We ended up combining two hives do to a persistent queen problem
leaving us 6 hives to over winter. We plan to expand to 10
organically (no chemicals!) managed hives in the spring.

My problem now is we have already sold our entire harvest with many
interested customers still calling and some already coming back for
more honey!! I thought if I could find a better established, like
minded, Michigan bee keeper that will sell me 120 lbs or so, I can
continue to serve my small customer base through the winter and into
early summer.

*Are there any interested chemical free Michigan beekeepers out there?* I am located in Southeast Michigan but will
drive just about anywhere in the lower part of the state to get some
honey produced hives managed without chemicals. There is only one bee
keeper that I have found in our area that manages his bees without
chemicals but I have already sold the 55lbs he could afford to
wholesale to me. It is not like we are giving it away because we
charge a premium for what I consider special honey compared to
inported and even local alternatives.

Thanks again to all those from the list who has helped us get
started. It has been the beginning of a remarkable learning
experience. Because this request is a bit commercial, interested
Michigan bee keepers should respond to me off list. 

thanks,
Bryan
[email protected]
Brandon Twp., MI


----------



## CSbees (Aug 7, 2007)

I would not let the customers know that this honey was not made by your apairy. They sometimes have sentimental value for your and only your product. That was really getting started in a big way. 7 is a lot of responsibility. You really jumped in with both feet. I myself expanded this year from 1 to 9. I plan on splitting everything I have in March. I would like to keep it under 20. I am sold out now, and now is just when I am having the greatest demand. I hate turning people away and loosing a potential profit.


----------



## Bizzybee (Jan 29, 2006)

"I would not let the customers know that this honey was not made by your apairy.

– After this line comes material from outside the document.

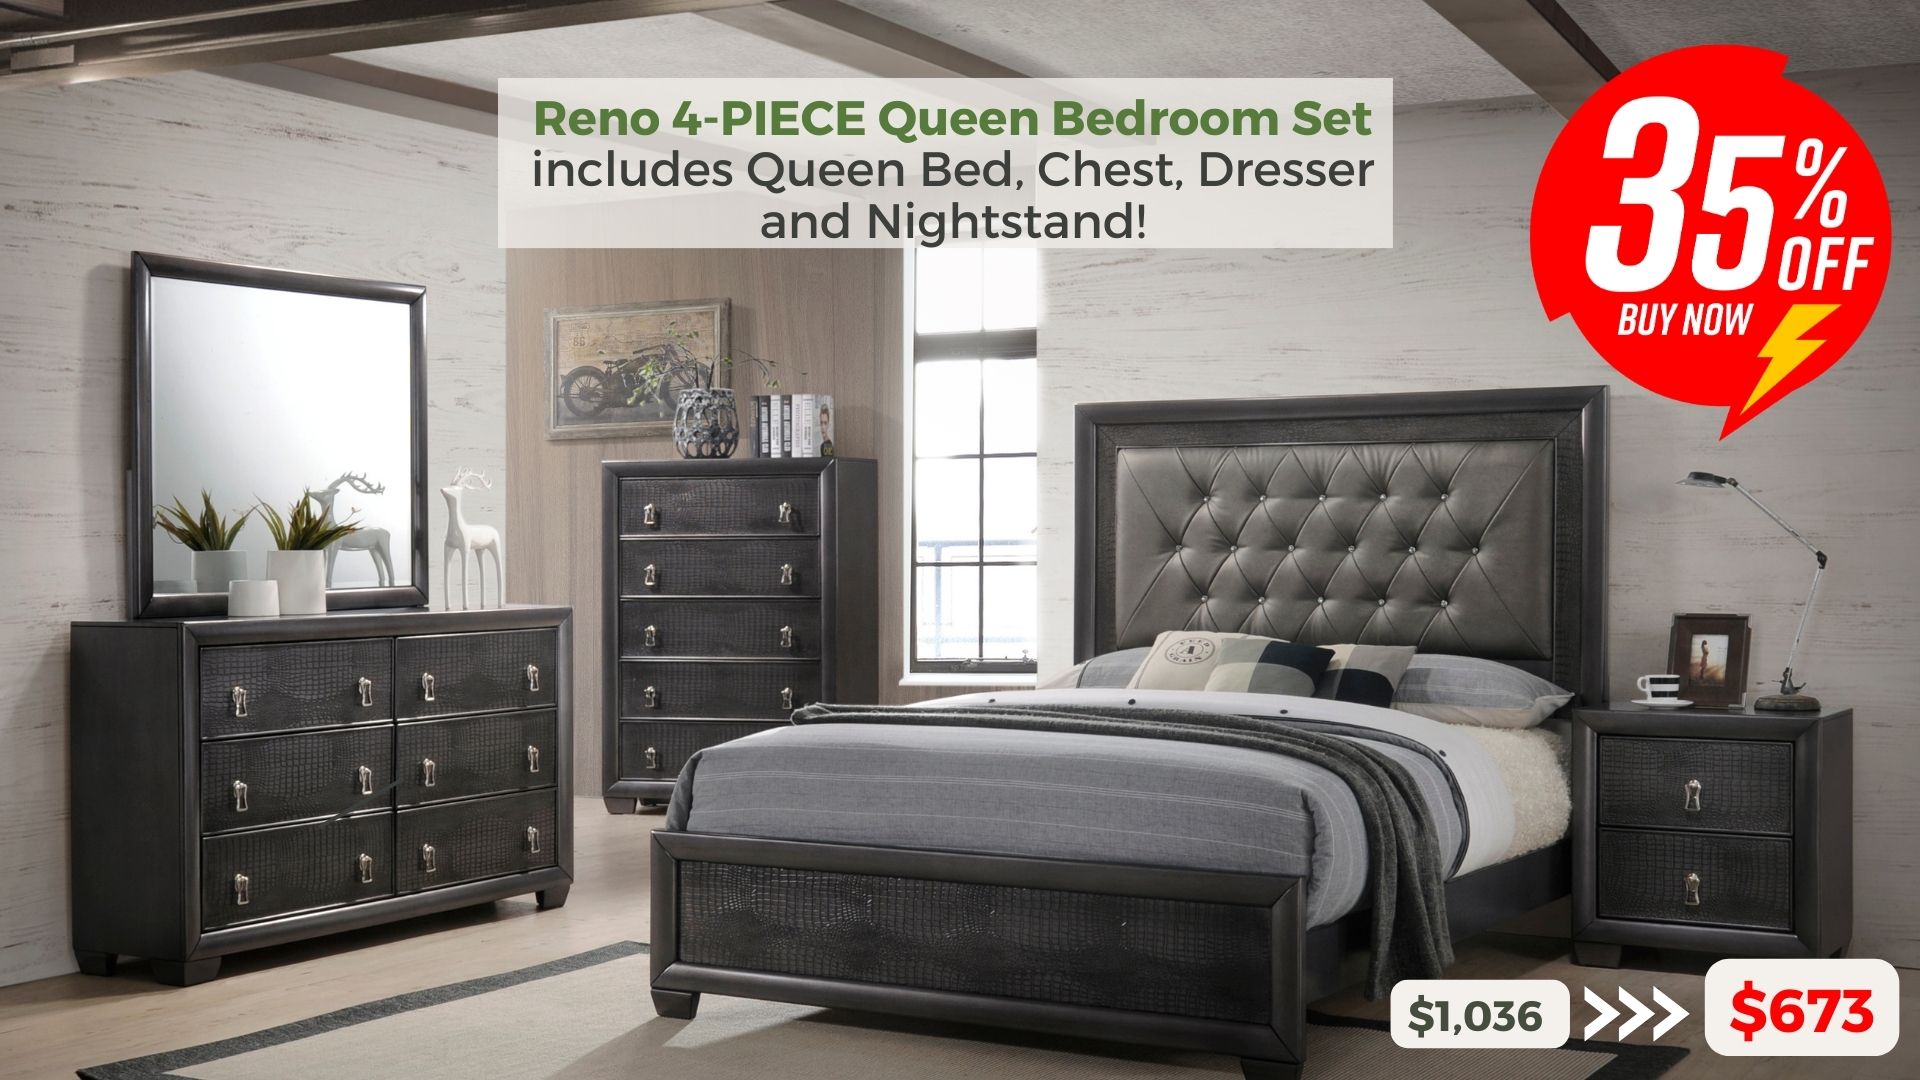 Reno 4-piece Queen Bedroom Set includes Queen Bed, Chest, Dresser and Nightstand. 35% off buy now $673
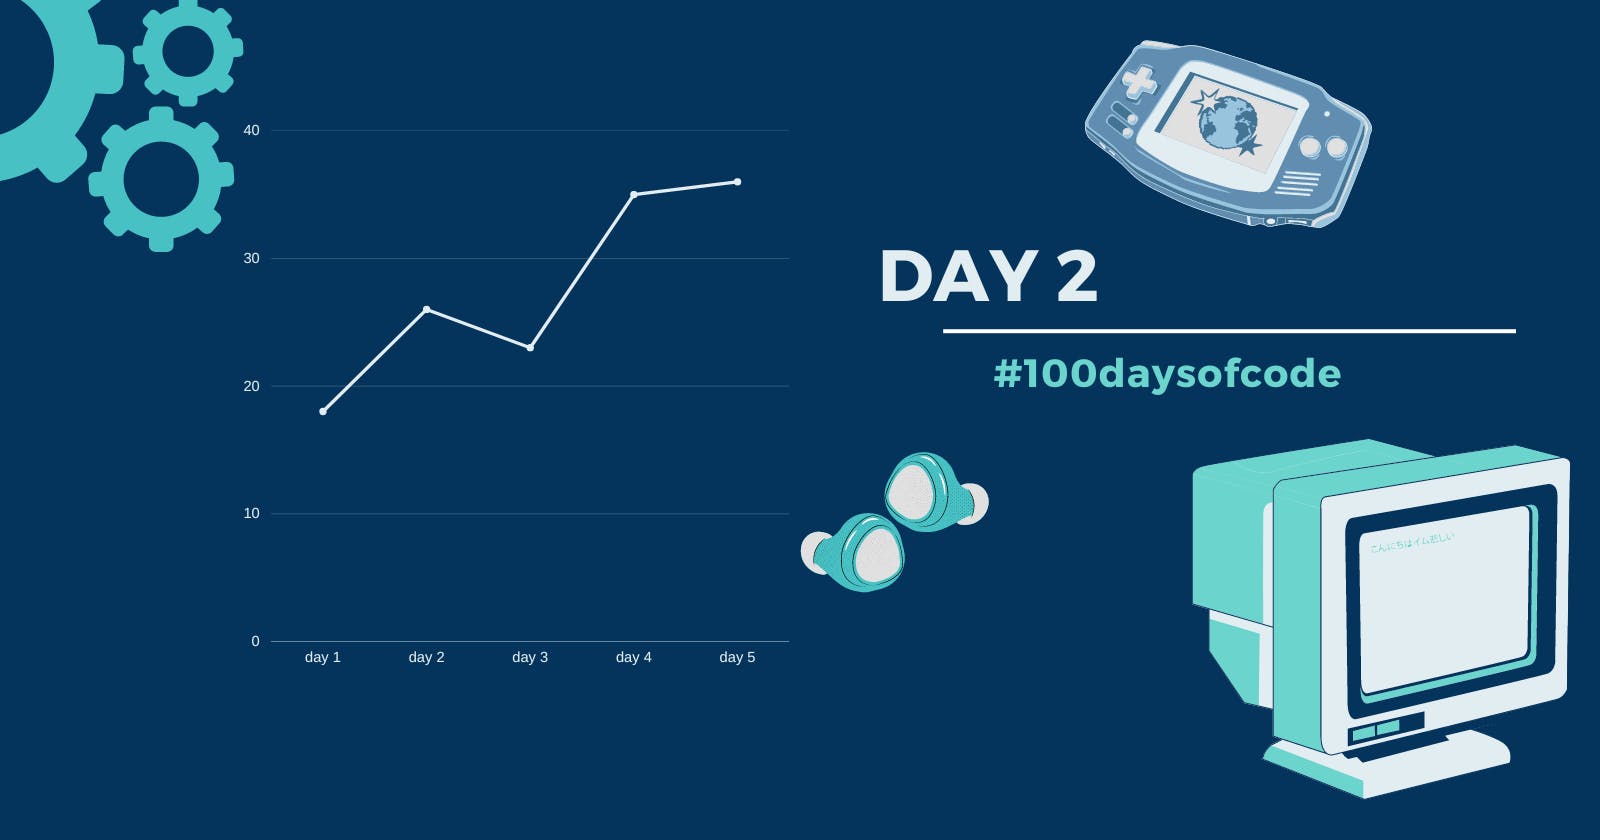 Day 2 in #100daysofcode challenge

They sometimes have sentimental value for your and only your product."

I agree, but I disclose the fact it isn't mine and let them make the choice. Way my memory is, I can't remember the truth, much less keep up with lies! 

Good luck Bryan! I picked up 300 lbs a couple of weeks ago near Grand Rapids, but it's drying up fast. I was after Star Thistle myself for myself and a few folks down home here.


----------



## MIKI (Aug 15, 2003)

Not disclosing the truth is outright deceptive and if your customers find out from another source you won't have any customers left especially if the source is not known to you as a trustworthy individual.


----------



## Bryanaw40 (Jun 11, 2006)

Miki, your points on "ethics" and "trust" are well taken. I am planning to go with disclosure. Establishing a relationship of trust with a like minded beekeeper may take some time but worth it to me.
bryan


----------